Stepping aside for a moment from specific areas of noncompliance, let us shift our attention to the plan documents as a whole. As previously noted, plan sponsors bear ultimate responsibility for following the written plan in all instances. Before getting to this responsibility, one common failure for smaller retirement plans without a strong relationship with their record-keeper is failure to adopt certain required plan amendments. Some plan sponsors go years and years without ever amending their plans, while in the interim, a myriad of plan changes may have been required, leaving their plan documents out of date and out of compliance before the actual operations of the plan are even considered. The IRS annually publishes a list of required plan amendments, which plan sponsors are encouraged to visit and discuss with their record-keepers to ensure the plan documents remain in compliance.

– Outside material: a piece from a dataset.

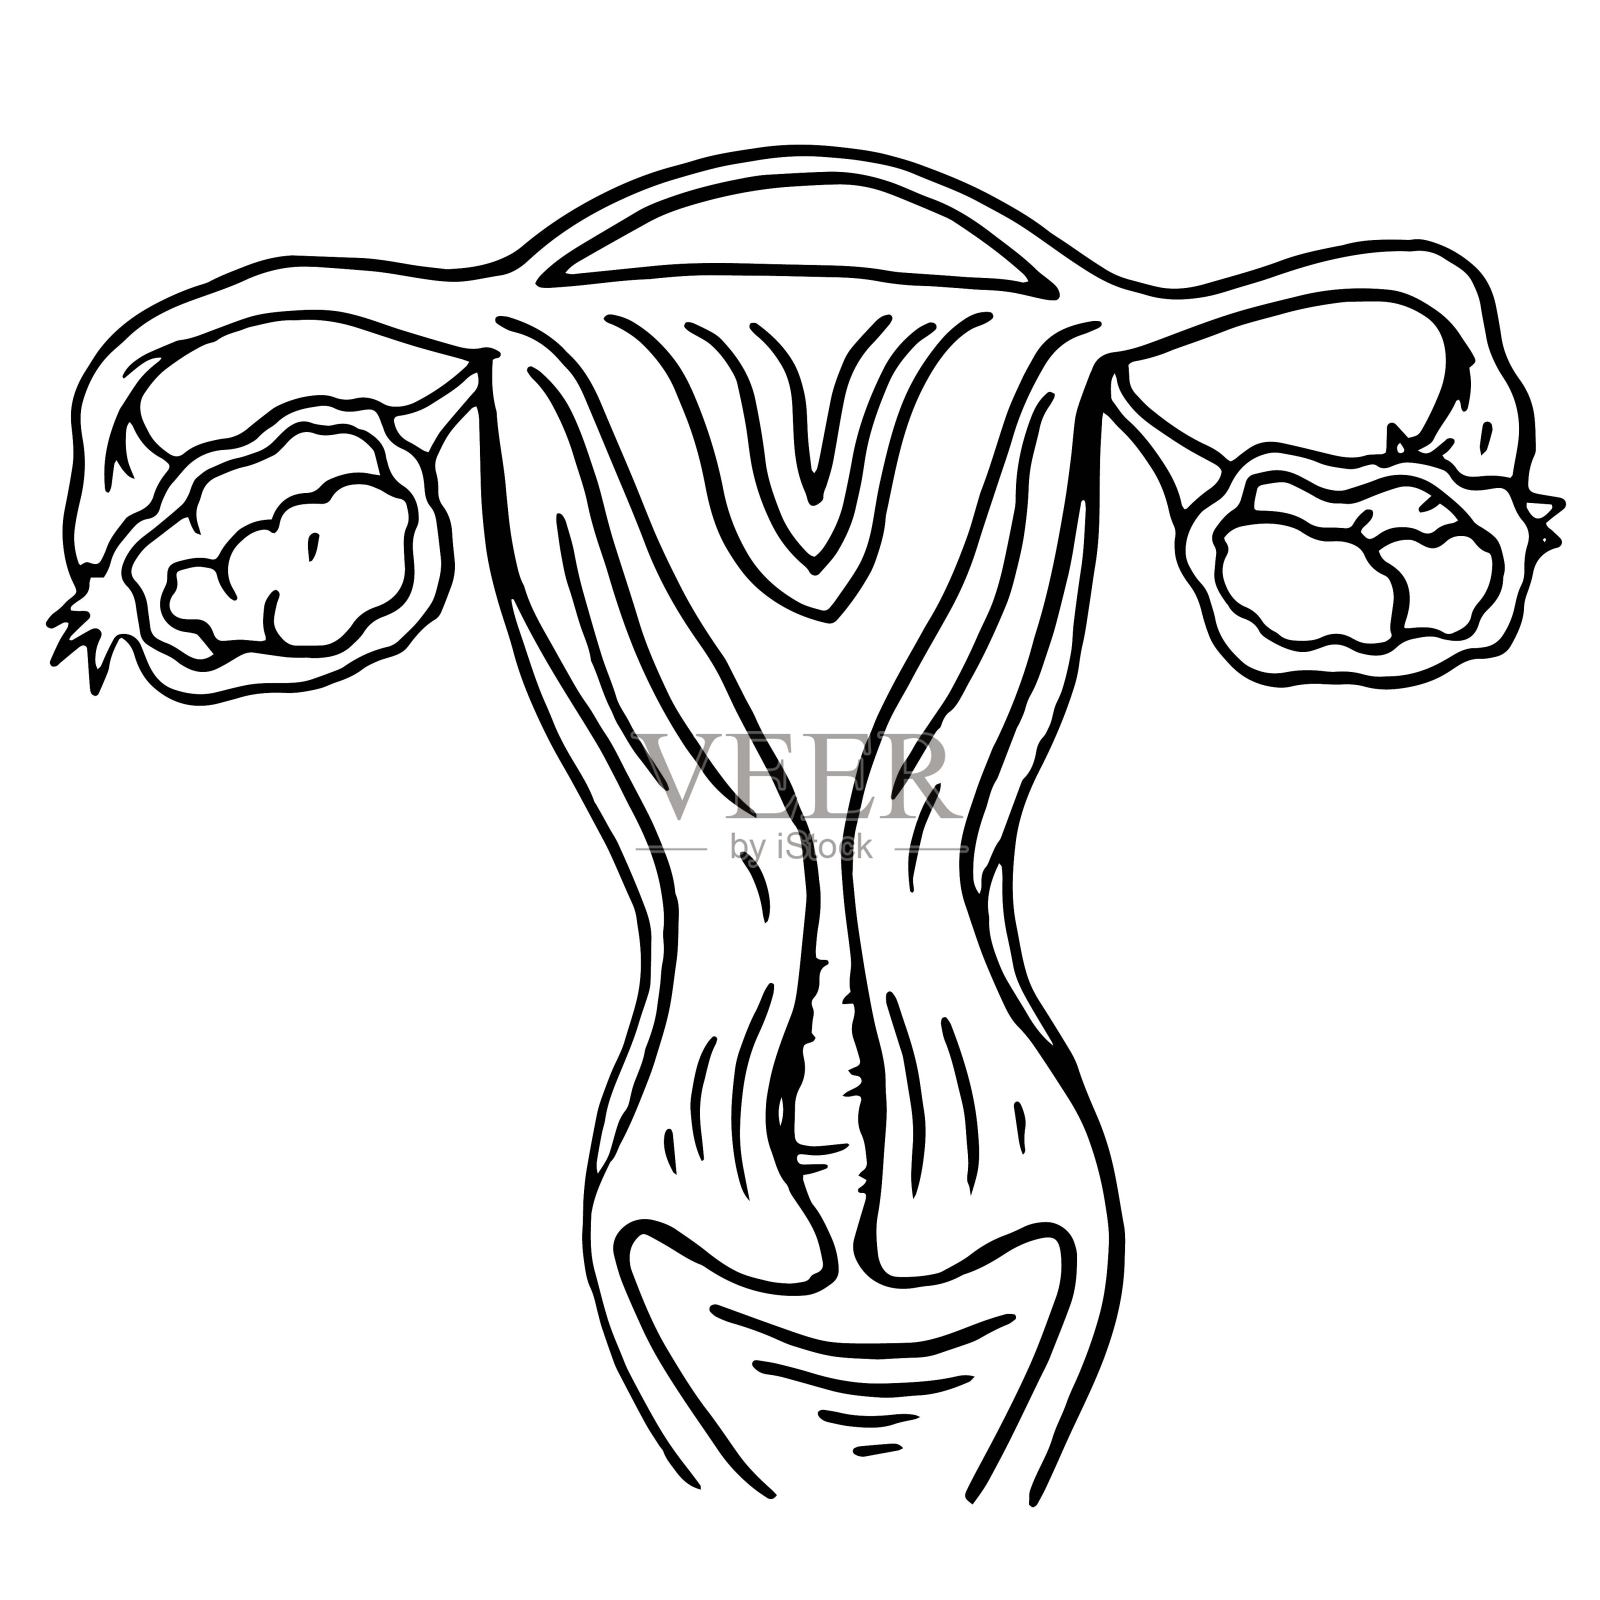 女人生殖器11种图片,女人私处究竟长什么样子呢？(3) - 两性知识 - 蓝灵育儿网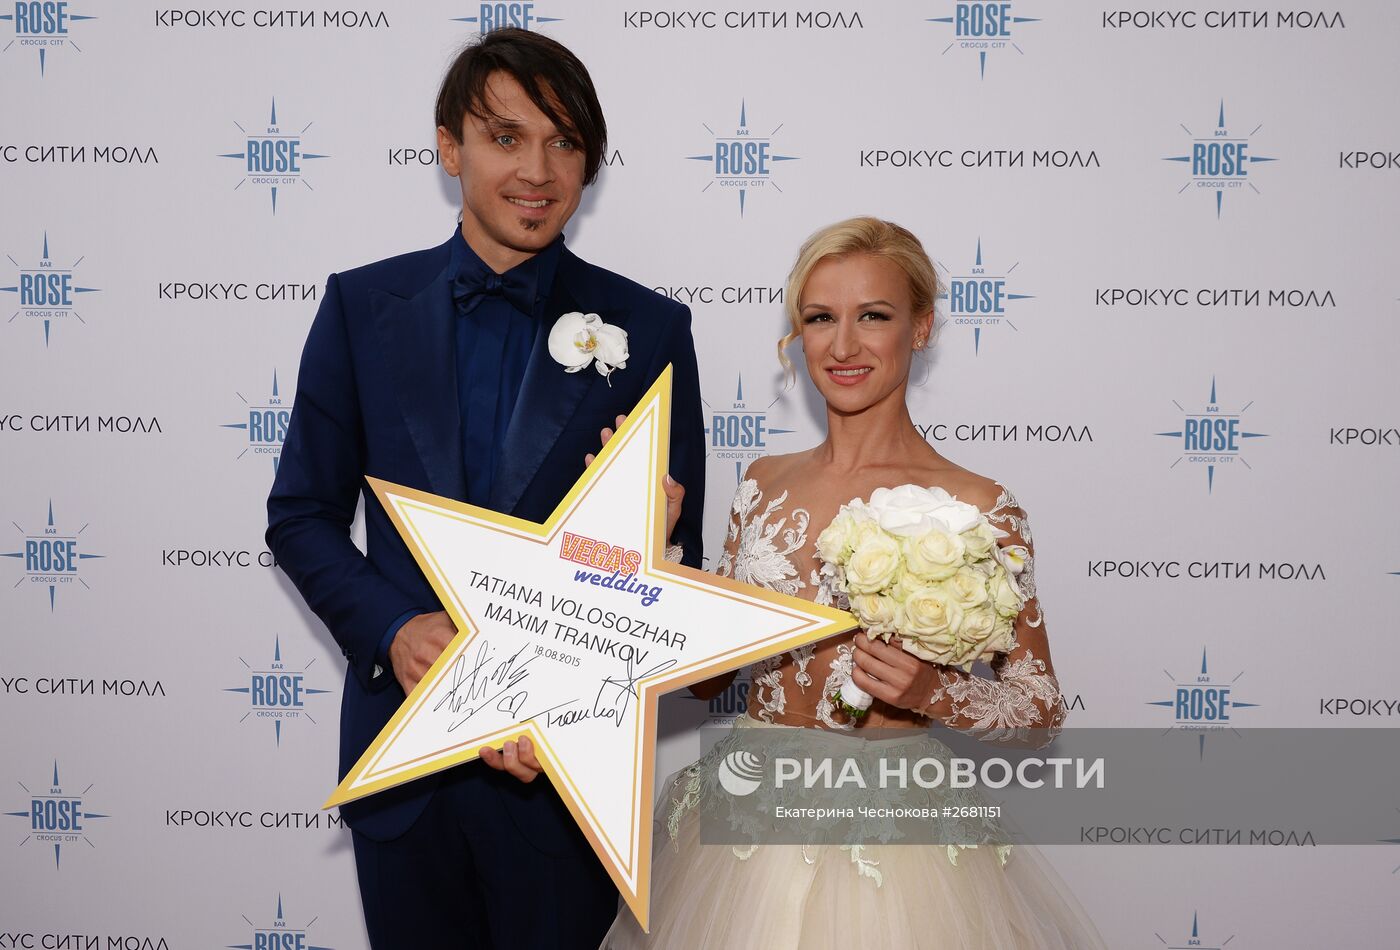 Свадьба фигуристов Максима Транькова и Татьяны Волосожар

Now, assuming that the plan documents are up to date, the burden then shifts to ensuring the operations of the plan match the requirements of the plan documents. One area that often receives special attention is the definition of plan compensation. Plan sponsors must ensure that those employees who are actually managing the plan’s operations, along with the payroll department, are all aware of how the plan documents define compensation for purposes of employee deferrals and employer contributions (if permitted), as well as any exclusions from plan compensation defined by the plan documents. Failure to understand these terms is bound to lead to an improper inclusion or exclusion of certain compensation for purposes of employees making elective deferrals or receiving employer contributions. Along with the definition of compensation, plan sponsors need to read and understand the plan’s provisions regarding eligibility, contributions, distributions, vesting and forfeiture provisions and other key areas. Once these terms are read and understood, they need to be communicated to all employees who have any role in the plan’s internal control system. Once communicated, plan management needs to ensure that plan terms are monitored for compliance internally on an ongoing basis, particularly if plan personnel change.

This article will have accomplished its purpose if it has prompted you to take a fresh look at the oversight process over your organization’s retirement plan. If you find yourself as the sole individual responsible for your organization’s plan, hopefully this article has prompted ideas about other parties to include as part of the oversight process. The areas discussed above are just a few of the common pitfalls for 403(b) and 401(k) plans; the good news is that for each of these pitfalls, solutions and remedies exist that can help bring the plan into compliance. Addressing these pitfalls now, in a proactive matter, will give you the peace of mind that, should the IRS or DOL ever come knocking on your door, you will be two steps ahead of them and have a model plan to present.